Chronos: being devoured by, or itself food
A while back, I wrote a post about eating time.
Slow as I am, I didn't remember at first that this is the Chronos myth, the Greek god of time eating his children.
Eaten by time
First, there is an identification with the seen, with our human self. We find ourselves as an object in the world, within time and space. There is a sense of precariousness, of being at the mercy of the whims of other objects and the relentless stream of change and time. I am clearly subject to birth and death, and there is a sadly limited span in between. I am being eaten by time, day by day.
Release from being eaten by time
But am I the seen? Am I really a segment of this content of awareness?
The seen, no matter what it is - sensations, sights, tastes, smells, feelings, emotions, thoughts, they all come and go. But something does not come and go. What it is that does not come and go?
The more I look, the more I find what does not come and go is this seeing itself, this clear awake space that the seen unfolds within and to.
Gradually, I may find myself as the seeing itself, as pure awareness, the witness of the seen, of this content always coming and going.
I also notice that time is part of the seen. It is the always changing content, and arises to the seeing. The seeing itself seem inherently absent of time. It seems timeless.
In this, there is a release from being eaten by time.
The seen is revealed as absent of any I, and I gradually become more familiar and comfortable with this. Gradually, there is more and more of a living from this realization. The seen appears to be absent of any I, and the I appears to be this seeing itself.
Eating time
Time, as the always changing seen, arises to me as the seeing. It is different from me. There is a release from being identified with it.
But where does the seen end, and I - as the seeing of it, begin? Can I find the line that separates the two?
The more I look, the less certain I am that I can find it. It is elusive. It seems to be just another idea, with no real referent in immediate awareness.
The more there is the looking for this demarcation line, the more it seems that the seen is not that different from the seeing itself. The seen really appears as awareness itself.
The seen and the seeing seem to both arise as this clear awake space.
And, surprisingly, there seem to be no I even in the seeing.
There is no I in the seen, because it comes and goes while something else does not.
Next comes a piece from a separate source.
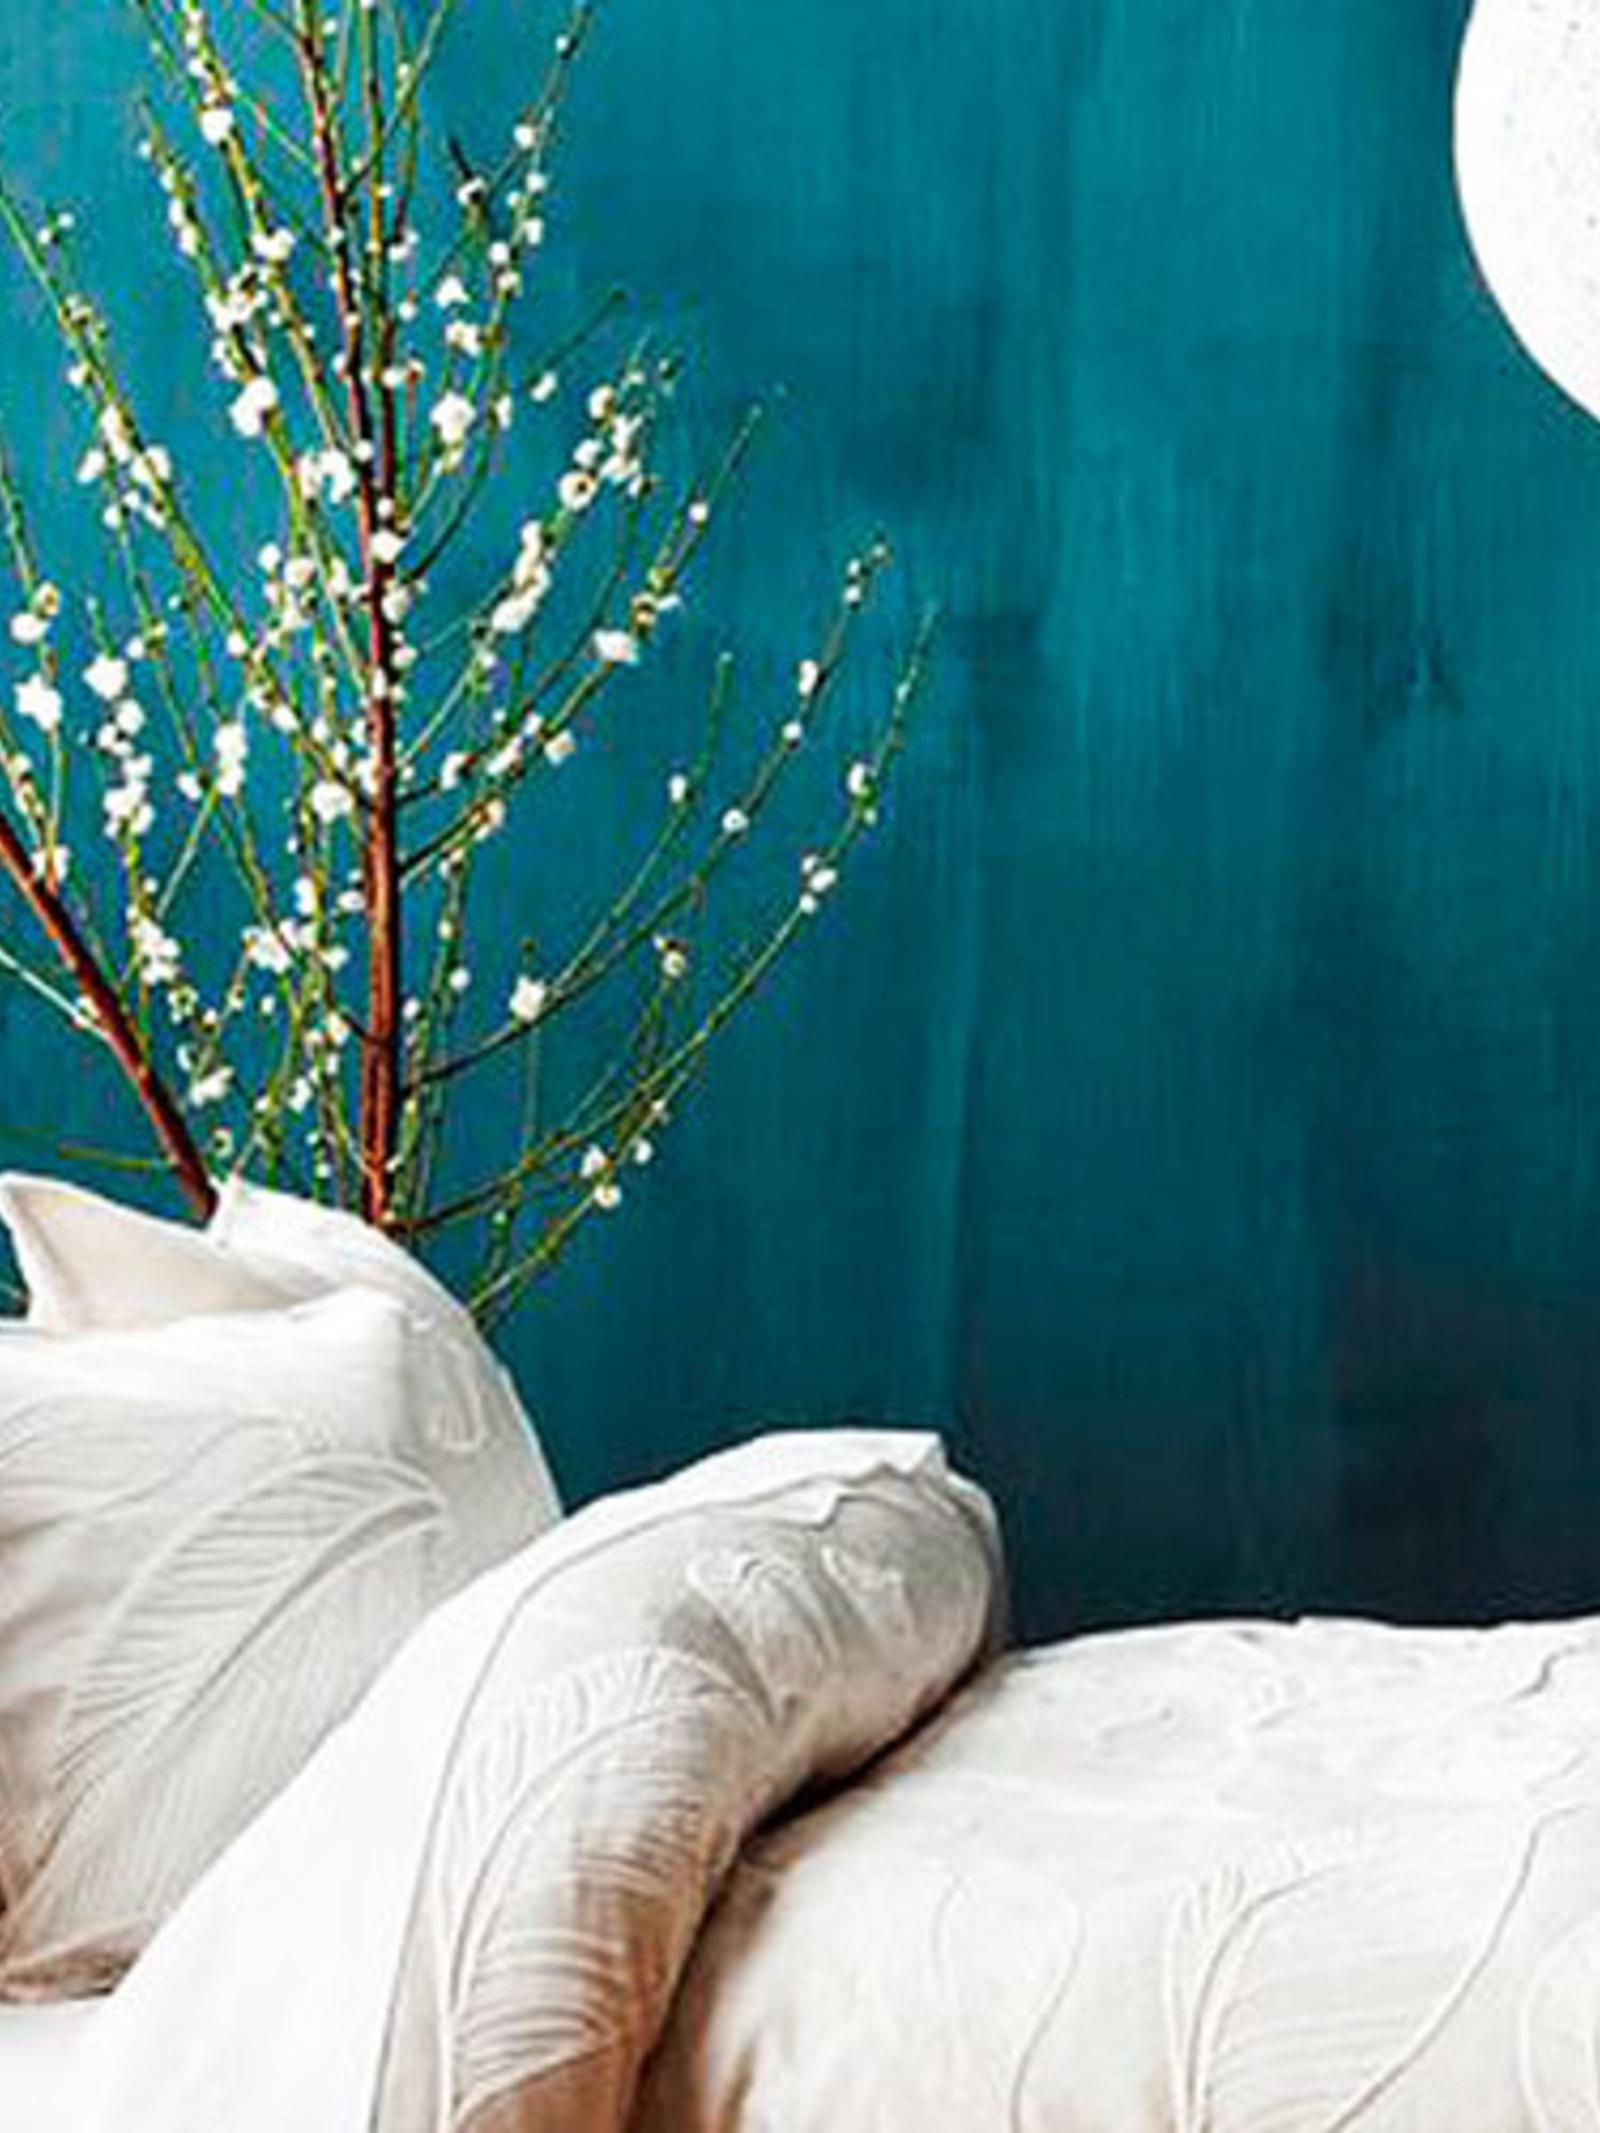 Waarom je je slaapkamer juist niet wit zou moeten schilderen

And there appears to be no I in the seeing either, because the seen and the seeing are not inherently different from each other. They both arise from and as the same Ground.
Here, there is an eating of time of sorts. There is an absence of any I and Other. An absence of I in seeing or seen, so an absence of any separation.
Reversals
So there is a series of shifts.
First, there is an identification as the seen, as a segment of content of awareness, as this human self. An object within time and space, and at the mercy of time and space. I am eaten by time.
Then, there is a release from identification with the seen, and a finding of oneself as the seeing. There is a release from the drama of being at the mercy of time and space. I am released from being eaten by time.
Finally, there is the realization that even the seeing is inherently absent of any I. The seen and the seeing arises within and as Ground, as empty awakeness.
The seen, the seeing, the identification with the seen or the seeing, it is all Ground, inherently absent of any I. Even the identification itself is absent of any I. There is no drama there, even in the midst of the appearance of much drama.